Infinitely many $n$ such that $n, n+1, n+2$ are each the sum of two perfect squares.

n = 0 is a trivial solution as 0 = $0^2 + 0^2, 1 = 1^2 + 0^2, 2 = 1^2 + 1^2$. Consider the pell equation $x^2 - 2y^2 = 1$, which has infinitely many solutions.
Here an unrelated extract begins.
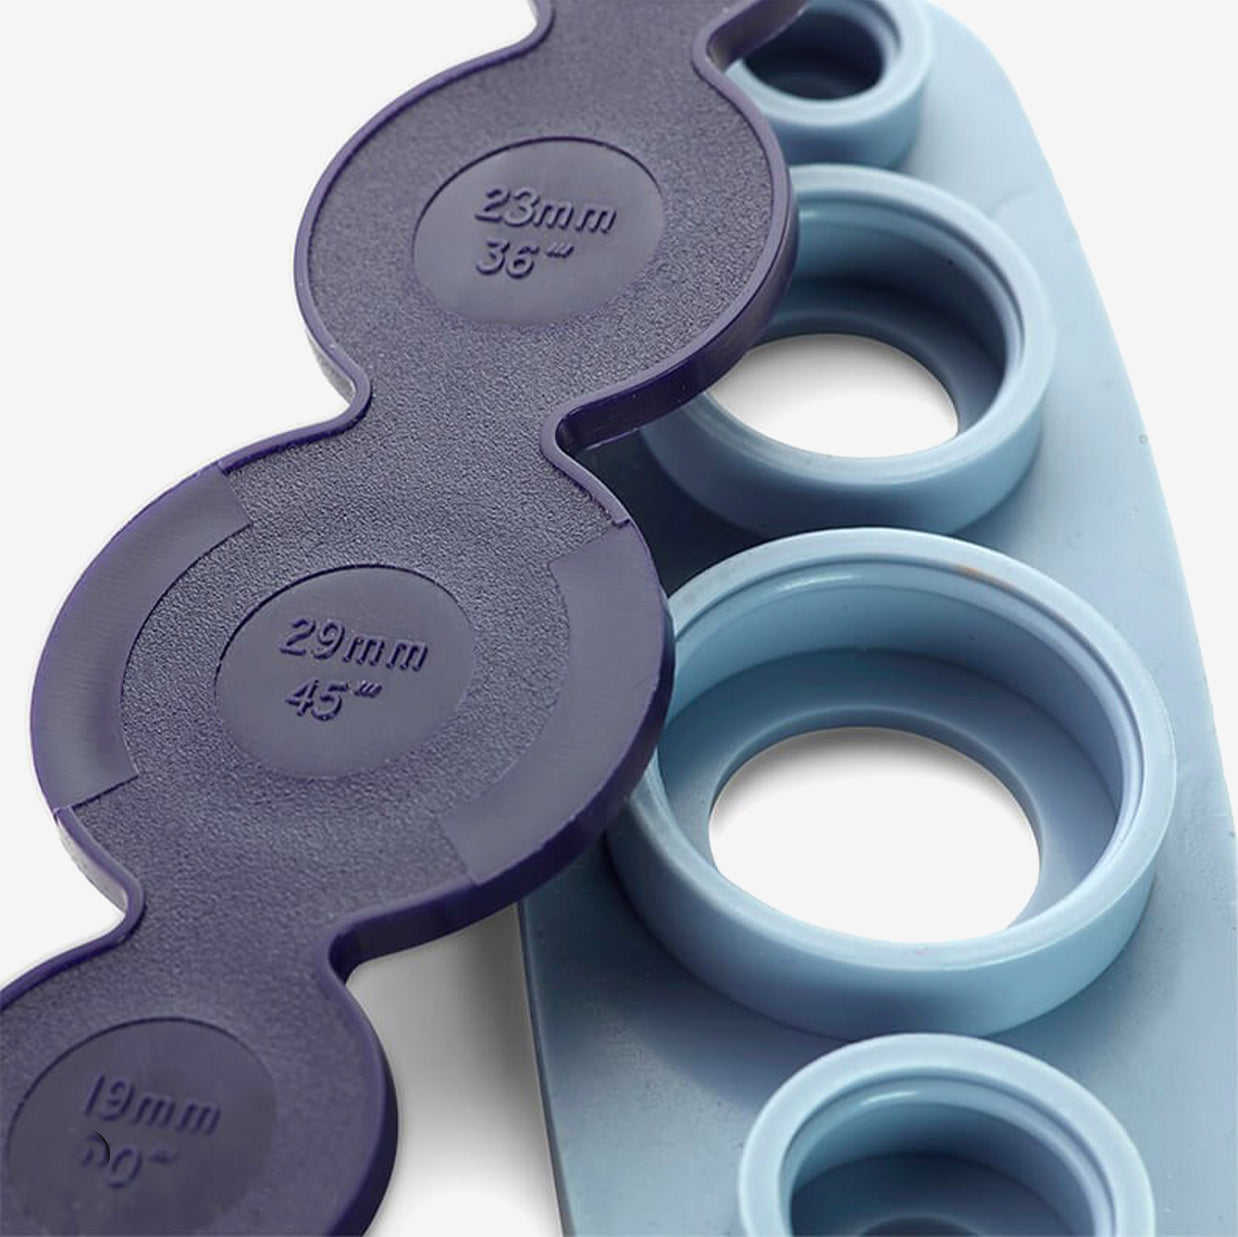 Prym 673170 Button Lining Tool: Add a Personalized Touch to Your Garments and Projects
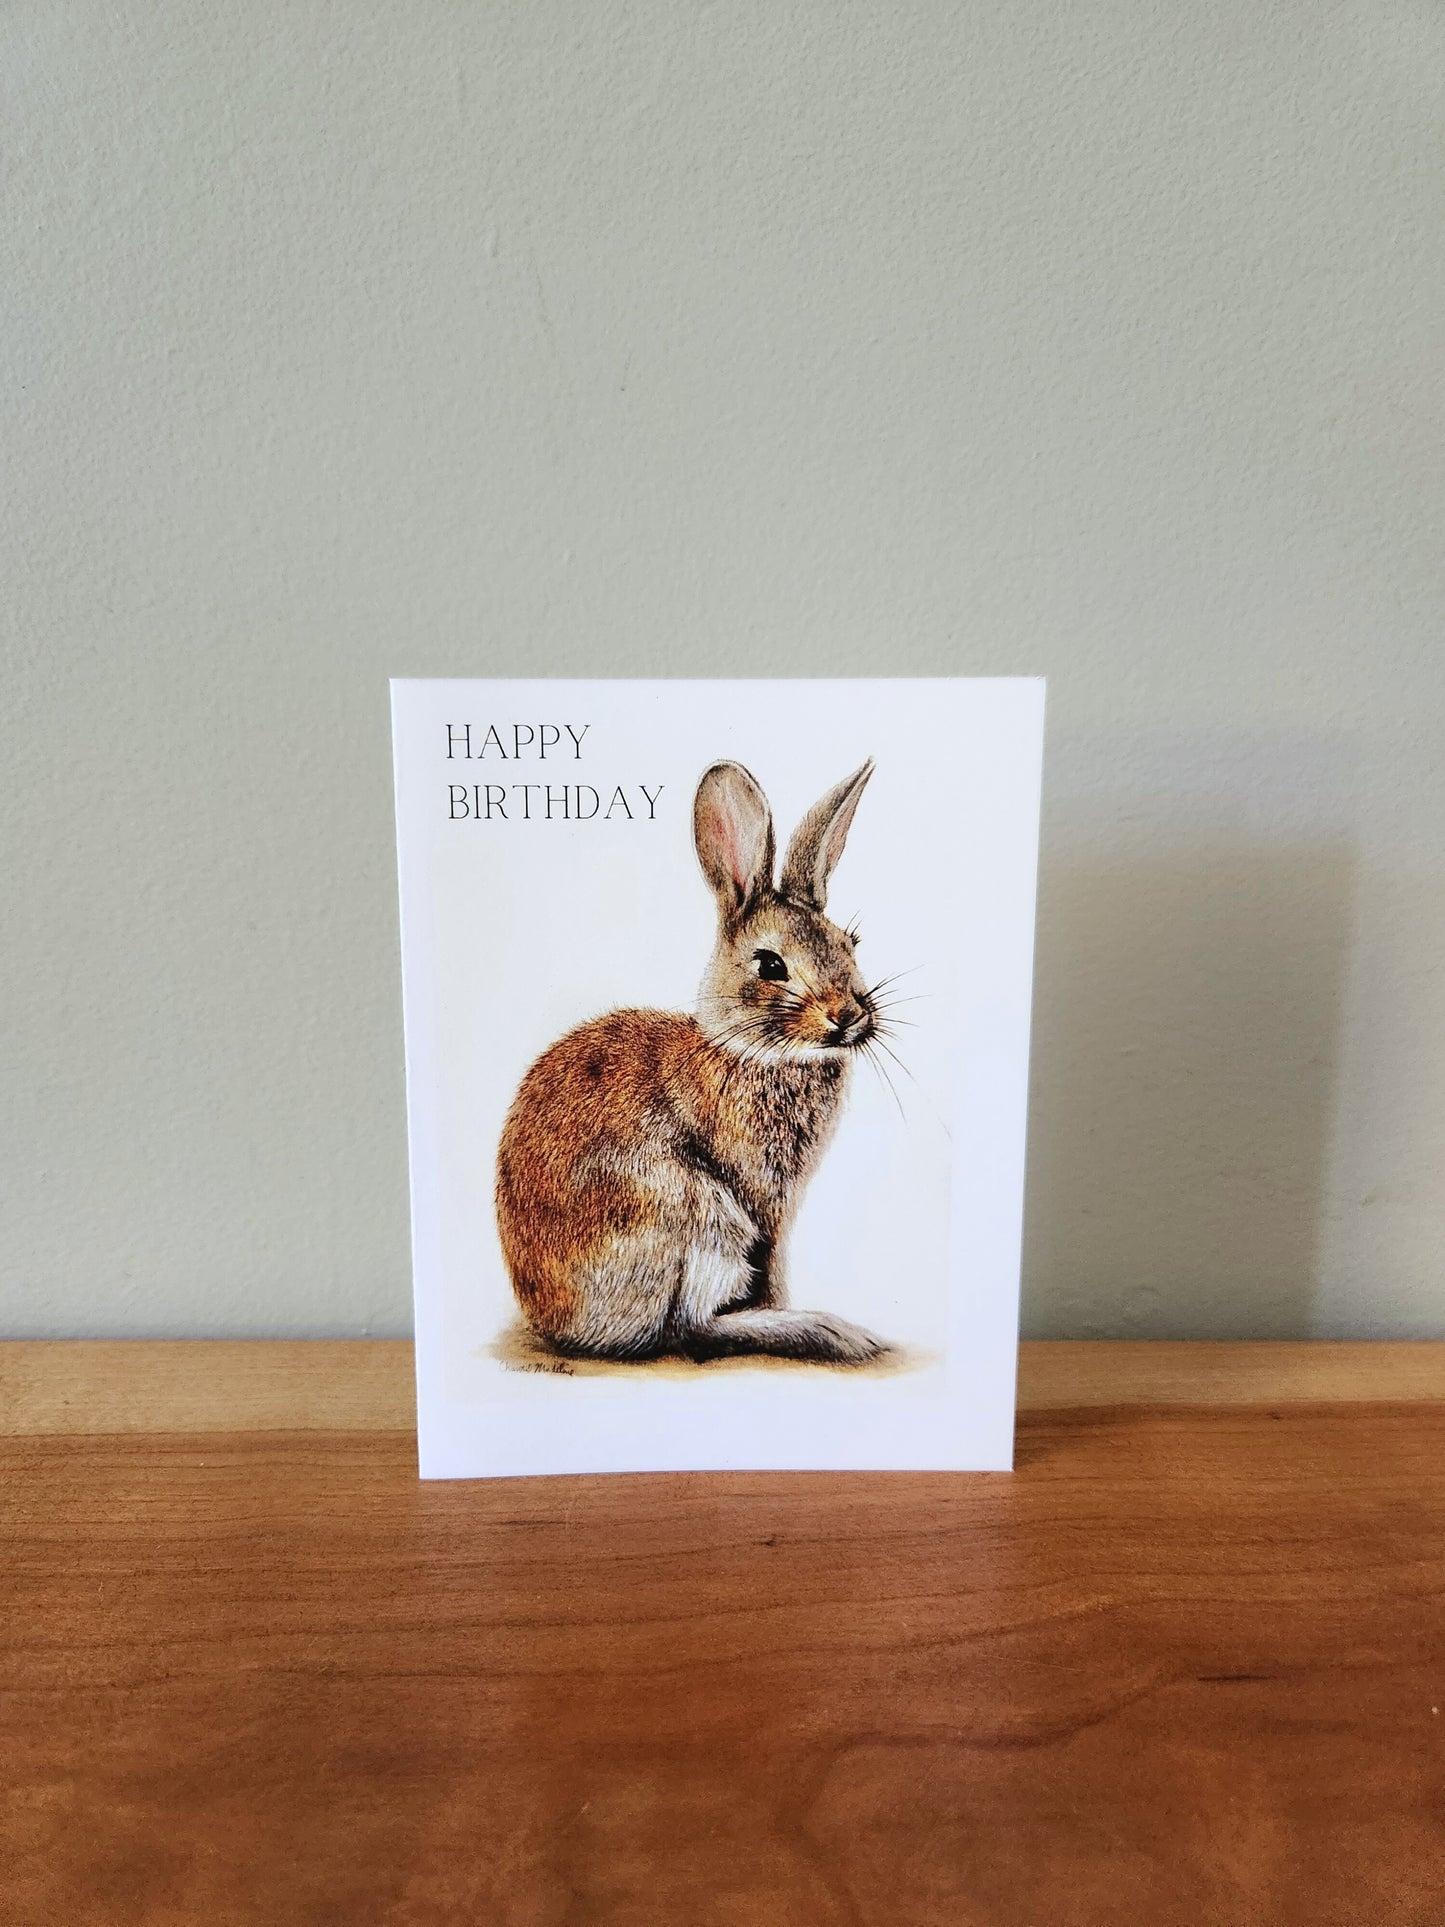 Happy birthday woodland bunny card, Cute rabbit birthday card for friend, Co worker, Husband, Wife, Partner, Nature animal lover greeting

Take $n = x^2 -1$. This implies $ n = y^2 + y^2$, $n+1 = x^2 + 0^2$ and $n+2 = x^2 + 1^2$.

One such infinite family is $$(2a^2 + 1)^2 - 1, (2a^2 + 1)^2 + 0^2, (2a^2 + 1)^2 + 1^2$$ for all integer $a$. This works because $$(2a^2 + 1)^2 - 1 = 4a^4 + 4a^2 = (2a^2)^2 + (2a)^2.$$

If we can find $y$ such that $y^2-1$ is a sum of two squares, say $y^2- 1 = a^2+b^2$, then take $n = y^2-1$ and we'll have $n = y^2-1 = a^2+b^2$, $n+1 = y^2-1 +1 = y^2 +0$, $n+2 = y^2 + 1$. So, we want to show the existence of infinitely many $y$ such that $y^2-1$ is a sum of two squares.

Look at $3^{2^k}$ for integers $k \geq 1$. For $k = 1$, $3^2 - 1= 8 = 2^2 + 2^2$.

Now, $3^{2^2} -1 = 3^4 -1 = (3^2-1)(3^2+1) = (2^2 +2^2)(3^2+1^2) $

Note the identity $(p^2+q^2)(c^2+d^2) = (pc+qd)^2 + (pd-qc)^2$. So we know that the product of two sums of two squares is again a sum of two squares. And hence, without explicitly calculating, we can say $3^{2^2}-1$ is a sum of two squares.

Now suppose for the sake of induction that $3^{2^k} - 1$ is a sum of two squares. Then $3^{2^{k+1}} -1 = (3^{2^k}-1)((3^{2^{k-1}})^2 +1^2)$. Thus from the induction hypothesis and our neat identity, $3^{2^{k+1}} -1$ is a sum of two squares.

So, for all integers $k \geq 1$, taking $y = 3^{2^k}$ and $n = y^2-1$gives us infinitely many integers satisfying the problem's requirement.